You can access it with your browser through the front-end proxy, but access should be blocked from the outside with a firewall. Anyway, authentication is required (see Figure below).
After authentication, you should be able to see a dataset called eiffel (see Figure below), which already includes the four ontologies and associated files that have been loaded. There are various actions that can be performed:
- On the top right corner, a green flag indicates the server status (active)

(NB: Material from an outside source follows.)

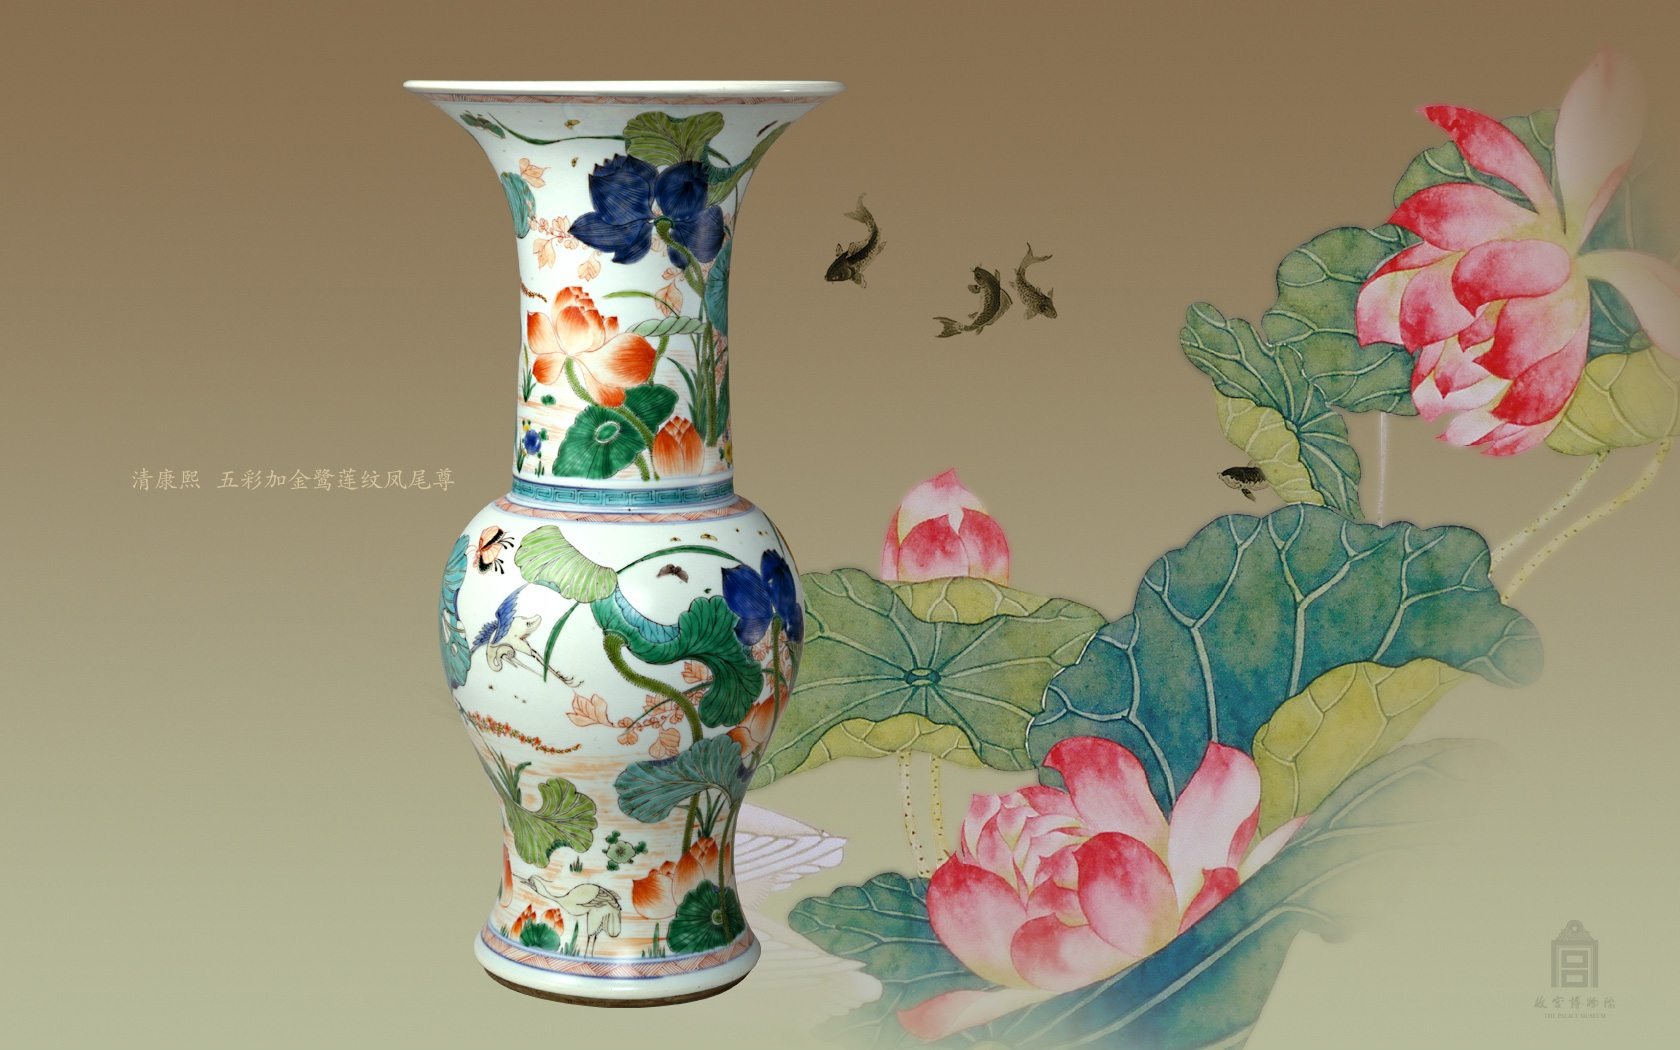 北京故宫博物院 文物展壁纸(二)5 - 1680x1050

- On the top menu, one can: (i) query datasets via SPARQL, and (ii) manage datasets by adding new ones. As we are dealing only with the four ontologies explained in previous chapters, no new ones are needed. However, it could be possible to (i) load new ones for your own purposes or (ii) update the current ontologies if there is an update in any of the EIFFEL ontologies.
- For the given datasets (currently only eiffel), you can query, add new data or display some info, such as available services (endpoints), statistics and dataset size (e.g., the eiffel dataset includes 20916 triples).
For doing some tests, the admin will typically use the Query functionality, where one can make SPARQL queries and see the result. In the following Figure a basic example is shown for the ECV ontology. First, there is a common practice to load different prefixes that will help identifying concepts from different ontologies:
- There are some common prefixes, such as owl, skos,rdfs
- There are some specific prefixes, such as ecv (as well as ':' and base). It is highly recommendable to use persistent URLs to locate ontologies, therefore we have used the PURL service, which is an initiative of the Internet Archive.
After the declaration of prefixes, one may include the proper SPARQL syntax: in the example, we are interested in all RDF triples which are subclasses of the Domain concept from the ECV ontology. In order not to get all properties, we are filtering only the labels. On the text area below one can see the result in form of a table with the three domains specified in the ECV taxonomy: Land, Atmosphere and Ocean.
The raw response in JSON format can also be obtained and is shown for clarification in the Figure below. This is the format that developers will work with when interacting with the SPARQL API.